4.1.1 Searching the free list

Common schemes are
first fit — choose the first block in the free list that is big enough
best fit — choose the block in the free list that is closest to the requested size from among those that are no smaller than the requested size.

If a block is “big enough” but is larger than we need, what do we do with the rest of the block.

4.1.2 Dealing with Inexact size matches

Return the whole over-sized block
- Safe, but wastes memory.
Oversized blocks are split up
- When blocks are split up, the remainder is placed back on the free list.
  
  Over time, a program that does many allocations and deletes may find more and more storage wasted on small fragments left on the free list, too small to be useful.
  
  This is called fragmentation.

4.2 Performance

Free list length could be O(k) where k is the total number of deletes
Since each new requires a search of that list, new becomes O(k)
- instead of O(1), as usually assumed
delete is O(1).

This explains why, on occasion, you will find a program that has been running for a long time seems to be getting slower and slower.

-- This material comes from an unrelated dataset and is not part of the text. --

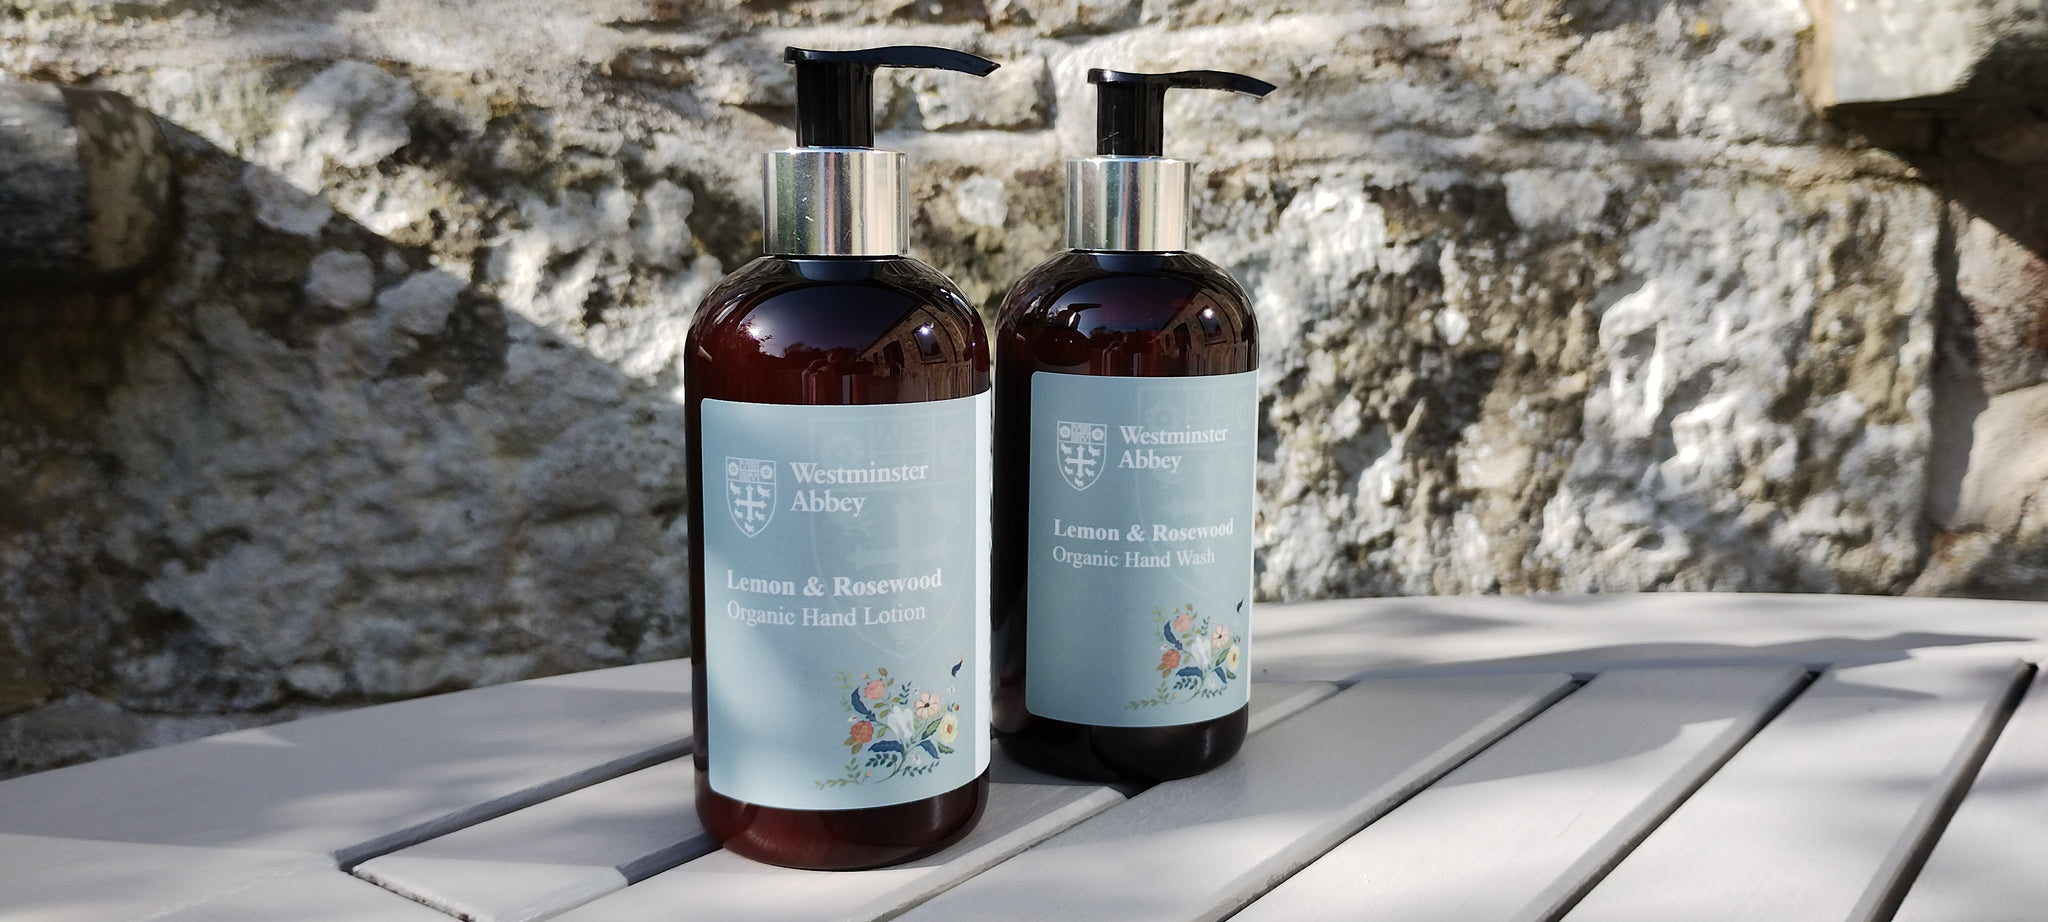 natural hand soap and hand lotion produced for westminster abbey by conscious skincare

The free list is being choked with small fragments, so new allocation requests are taking longer and longer.

If such a program is run long enough, it may crash when an allocation request can no longer be satisfied, even though there is more than enough free memory in total.

4.2.1 Compaction

Some malloc/free systems try to reduce or eliminate fragmentation:

One way is to use compaction: As regions are freed, sort them by address so that adjacent regions of memory are also adjacent within the free list.
- Adjacent free regions can then be merged to form a single, larger region.
- Now delete is worst case O(k).
- but k might be smaller

4.2.2 Uniformly-sized Pools

Another idea: only allocate regions in selected sizes: 1, 2, 4, 8, 16, 32, 64, …
- E.g., If a request is made for 10 elements, a 16-element regions is actually returned.
- A separate free list is kept for each size of region.
- Larger regions can be split in half to form two smaller regions, when necessary.
- new and delete remain O(1)
  - but storage utilization may suffer — on average wastes 25% of memory

Even with all this, you can see why sometimes we would prefer to handle our own storage management. Implementing our own freelist let’s us do allocation and freeing of memory in O(1) time, because all of the data objects on our own freelist will be of uniform size. The more general problem of allocating and freeing memory of different data types of many varying sizes is much harder, and will either have a complexity proportional to the number of prior deletions, or will waste a substantial fraction of all memory.